Received 12th February 2026 , Accepted 20th April 2026

First published on 30th April 2026


Abstract

Machine-learning force fields (MLFFs) are reshaping computational chemistry and biology by delivering near-quantum mechanical accuracy at a computational cost comparable to conventional force fields, enabling applications in biomolecular simulation, catalysis, and materials science. However, despite these advances, a unified and automated computational platform enabling the broader application of MLFFs is still lacking. Here, we present MAPLE (MAchine learning Potential for Landscape Exploration), a computational toolkit specially developed for MLFF-based molecular modeling, featuring a tailored software framework and parallelized algorithms for large-scale and versatile molecular modeling tasks. We demonstrated the robustness and usability of MAPLE through systematic benchmarking of state-of-the-art reactive MLFFs and applications to multiple biocatalytic scenarios, highlighting its capability for fast yet accurate simulation of catalytic reactions. By integrating accurate and efficient MLFFs with parallelized algorithms in a highly optimized and flexible software framework, MAPLE serves as a next-generation, physically informed, machine-learning-driven molecular modeling platform with broad applicability to rational catalyst design and drug discovery.


1 Introduction

The development of molecular mechanics force fields (MMFFs) has enabled atomistic simulations of molecular systems,1,2 providing a foundation for studying molecular interactions,3 biomolecular conformations,4 and catalytic mechanisms.5 Despite these successes, the applicability of MMFFs remains intrinsically limited by their simplified functional forms, which are not suitable for studying nonequilibrium systems and struggle to capture chemically complex phenomena, particularly bond breaking and formation. In contrast, quantum mechanical (QM) methods provide a more rigorous description of these effects, but at a substantially higher computational cost, thereby limiting QM simulations to relatively small systems and short timescales.
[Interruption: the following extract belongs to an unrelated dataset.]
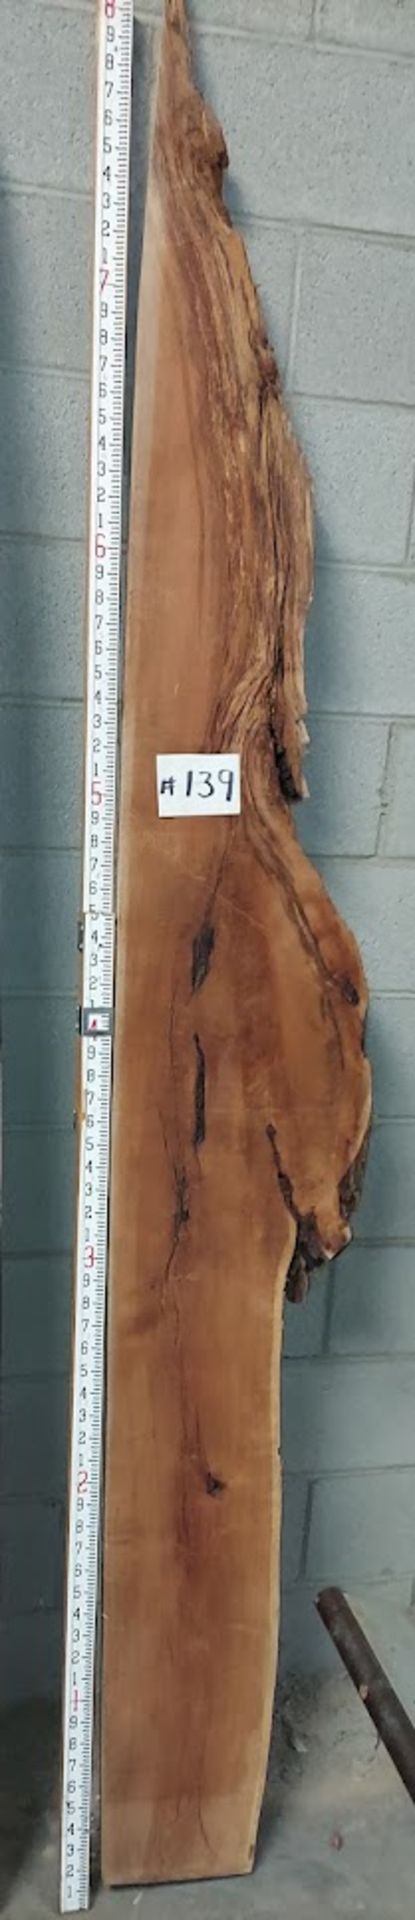 Mesquite Hardwood Lumber Slab, Size is approx. 95" x 9" - 14" x 2" Thick (Book Matched 138)

During the past decade, machine-learning force fields (MLFFs) have substantially narrowed the gap between conventional MMFFs and QM methods by learning potential energy surfaces (PESs) directly from QM data, achieving near-QM accuracy at computational cost of the MMFF-level.6–8 Among them, the AIMNet2 family has demonstrated robust performance in a wide range of chemical scenarios, including catalysis9,10 and biomolecular simulations.11 More recently, the release of the Open Molecules 2025 dataset (OMol25)12 enabled the training of the Universal Model Atom (UMA),7 a large-scale MLFF that covers 83 elements and is capable of describing chemical reactions and open-shell systems. Together, these advances represent an important step toward a universal MLFF.

Despite rapid progress in MLFFs, their practical deployment remains constrained by the lack of dedicated, MLFF-native computational infrastructures. Most existing toolkits, such as Sella,13 MLatom 3,14 and the Atomic Simulation Environment (ASE),15 are designed as general-purpose frameworks and are not specifically optimized for MLFF-driven workflows, and also do not fully leverage a key advantage of MLFFs: their suitability for large-scale parallel evaluation across large ensembles of molecular systems. This capability, which enables high-throughput molecular simulations, can be realized through parallel optimization algorithms. This limitation becomes especially pronounced for reaction discovery and pathway sampling, where the intrinsic parallelism of MLFFs could enable high-throughput exploration across multiple configurations, intermediates, or reaction channels. A representative example is the batched nudged elastic band (B-NEB) method,9 which demonstrates how an MLFF can be coupled with parallel algorithms to efficiently explore reaction pathways. However, effective use of current toolkits depends heavily on users' programming skills, creating a high technical barrier that restricts accessibility beyond specialist developers and hinders broader adoption in applied and industrial settings. Together, these challenges highlight the urgent need for MLFF-native software infrastructures that are both GPU-oriented and user-friendly, supporting advanced parallel algorithms while remaining practical for a broad research community.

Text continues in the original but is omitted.